Many who examine the growth of the field of contemplative practice see it as coming only from straight, middle-class whites and corporate America. How might we work to shift that perception and to broaden the reach of our work? What practices can assist us in deepening our understanding of these criticisms and lessen “mindful bypassing?”  

The hour-long chat included periods of meditation and a lively question and answer section. One question that was asked during the chat concerned insights about how to approach the topics of mindfulness in minority communities. From Rhonda’s response, which can be watched here:

“From my perspective, we are engaged in a kind of a deep effort to find ways of reaching everyone and to find ways of bringing these supportive practices to bear wherever they might be useful…and that work looks differently in different places.”

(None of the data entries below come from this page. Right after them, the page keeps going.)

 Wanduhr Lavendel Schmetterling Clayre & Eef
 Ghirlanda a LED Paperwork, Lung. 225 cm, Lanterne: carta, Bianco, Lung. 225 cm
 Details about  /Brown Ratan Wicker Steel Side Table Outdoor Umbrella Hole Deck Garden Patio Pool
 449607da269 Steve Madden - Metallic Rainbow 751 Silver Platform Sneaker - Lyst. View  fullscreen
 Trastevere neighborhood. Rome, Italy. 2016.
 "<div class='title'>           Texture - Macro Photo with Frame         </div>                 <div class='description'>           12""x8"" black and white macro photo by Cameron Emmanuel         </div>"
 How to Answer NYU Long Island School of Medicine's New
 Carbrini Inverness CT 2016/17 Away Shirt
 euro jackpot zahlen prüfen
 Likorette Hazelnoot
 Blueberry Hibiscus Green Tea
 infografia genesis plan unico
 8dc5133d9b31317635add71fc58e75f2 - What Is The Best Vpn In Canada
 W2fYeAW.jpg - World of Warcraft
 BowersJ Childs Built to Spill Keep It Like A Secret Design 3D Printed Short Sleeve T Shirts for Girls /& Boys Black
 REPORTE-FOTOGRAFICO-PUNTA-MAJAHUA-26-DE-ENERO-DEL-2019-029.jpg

Rhonda suggested a number of resources such as this study, “Mindfulness equity and Western Buddhism: reaching people of low socioeconomic status and people of color” by Harrison Blum.

Additional resources by Rhonda include:

The Way of ColorInsight: Understanding Race and Law Effectively Through Mindfulness-Based ColorInsight Practices, to be published in Spring 2016 by the Georgetown Journal of Modern Critical Race Perspectives.

Teaching Mindfulness with Mindfulness of Diversity for a forthcoming book Resources for Teaching Mindfulness: A Cross-Cultural and International Handbook, eds. Don McCown and Diane Riebel.

How Mindfulness Can Defeat Racial Bias published by the Greater Good Science Center.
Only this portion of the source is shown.